In contrast to the morello cherry, the sweet cherry develops most of its fruit on short shoots on its annual shoots and on the perennial bouquet sprouts. For this reason, a sweet cherry tree is also pruned much more cautiously so as not to remove the fruit-bearing wood:
- In order to prevent the inside of the crown from becoming bare, thinning out is the top priority when pruning sweet cherries: Inward-growing twigs are cut back, as are heavily branched branches with over-aged fruit wood.
- Younger branches with bouquet shoots, on the other hand, should be retained and are only removed if they grow steeply upwards or cross or rub against other branches. By removing old fruiting wood and leaving new one in place, what is known as "moving around" of the fruiting wood is achieved - because younger fruiting wood yields higher quality, larger fruit than very old fruiting wood.

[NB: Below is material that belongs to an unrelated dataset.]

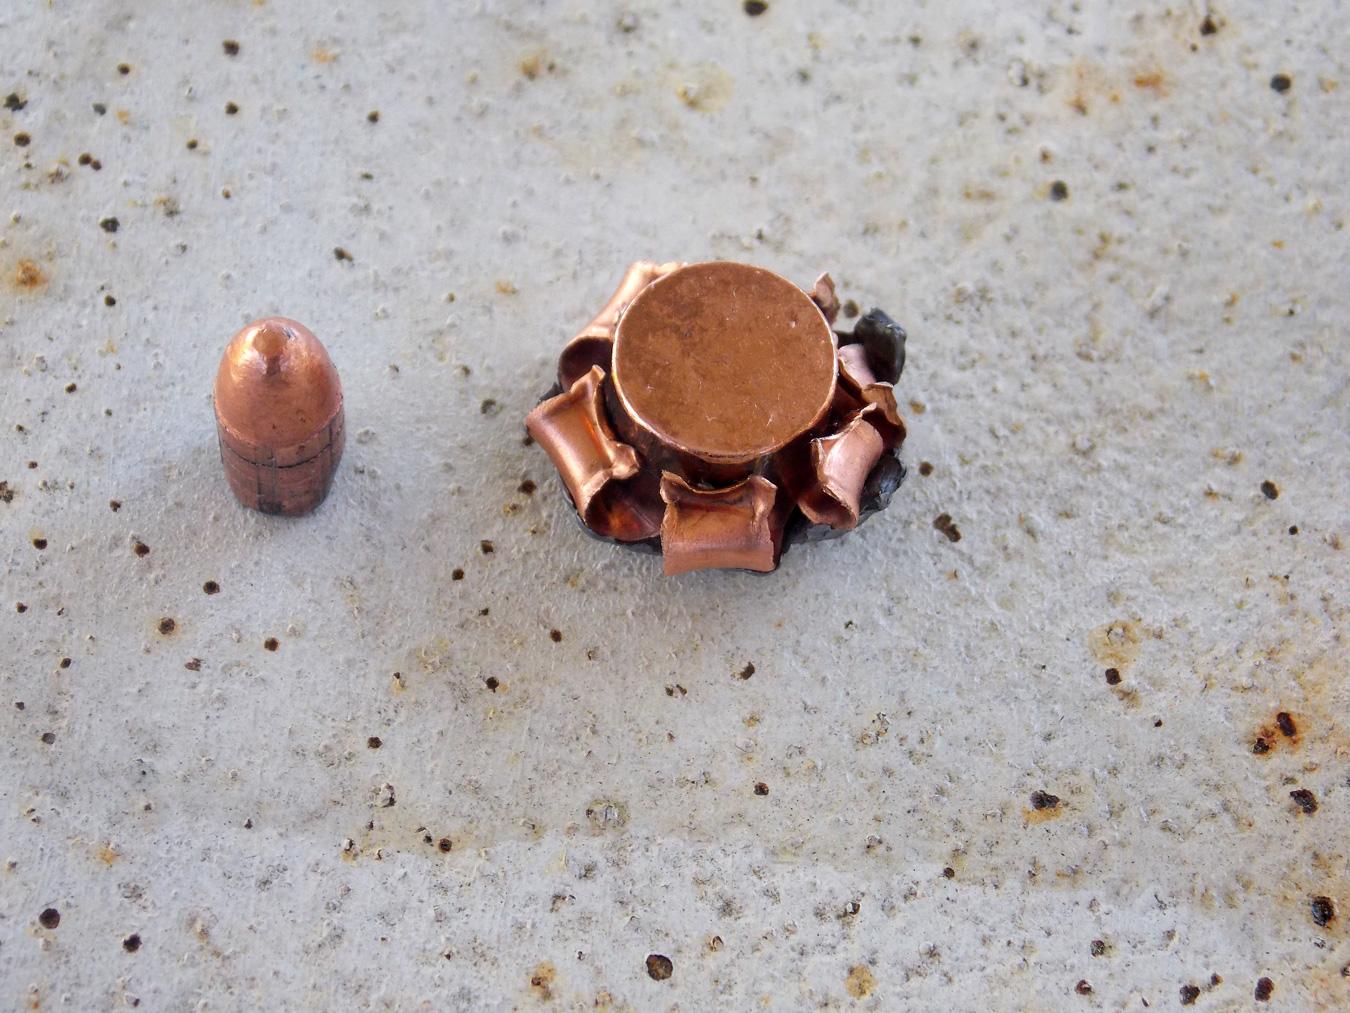 40-grain .22 LR bullet left,  upset .40 caliber JHP right

- You should also look out for rotten, diseased or dead branches when pruning the sweet cherry tree - these should also be removed.
- The sweet cherry has a stronger apical dominance than the sour cherry, which means that it grows more tree-shaped. In view of the branch strength ratio, competing side shoots that are striving steeply upwards should still be cut back.
- Summer pruning is particularly recommended for sweet cherries to limit their vigorous growth.

Info: Bouquet shoots are the short, whorled side shoots of cherry trees. Thisoften have a large number of flower buds and are therefore particularly important for a rich harvest.
Pruning cherry
If you don't have space for a large, sprawling cherry tree, you might want to reach for a columnar cherry: thanks to its slender shape, this cherry growth form is ideal for smaller gardens or can even be planted in a large container. So that the tree does not lose its elegant shape, the columnar cherry should be pruned regularly. In fact, pruning a columnar cherry turns out to be much less complicated than pruning its larger relatives. So the columnar cherry does not have to be cut regularly, but only when necessary. When cutting columnar cherries you should proceed as follows:
- Prune side branches that are too long to 10 to 15 cm long.
- Start well above one outward facing eye.
- Remove diseased, weak or steeply growing wood.
- The central shoot is not pruned in the first few years, but can then be shortened if necessary.
Cut dwarf cherry
Dwarf fruit trees, such as dwarf cherries, are particularly interesting for smaller gardens, because they get by in little space and can therefore also be integrated in tight spaces. But even the mini cherry tree has to be cut regularly. Since dwarf cherries were also trained as spindles, pruning dwarf cherries does not have to be done any differently than pruning large fruit trees:
- All side branches should be at a slight incline and should not be cut.
- Steep branches are diverted to a slightly sloping shoot or tied down.
- Closely spaced, parallel branches are thinned out by removing one.
- Always cut branches above a bud to the cones.
- The central shoot is shortened to about 30 cm above the last side shoot.

In addition to pruning, fertilizing is another important care measure for the cherry tree. You can find out how to do this in our article on “Fertilizing cherry trees”.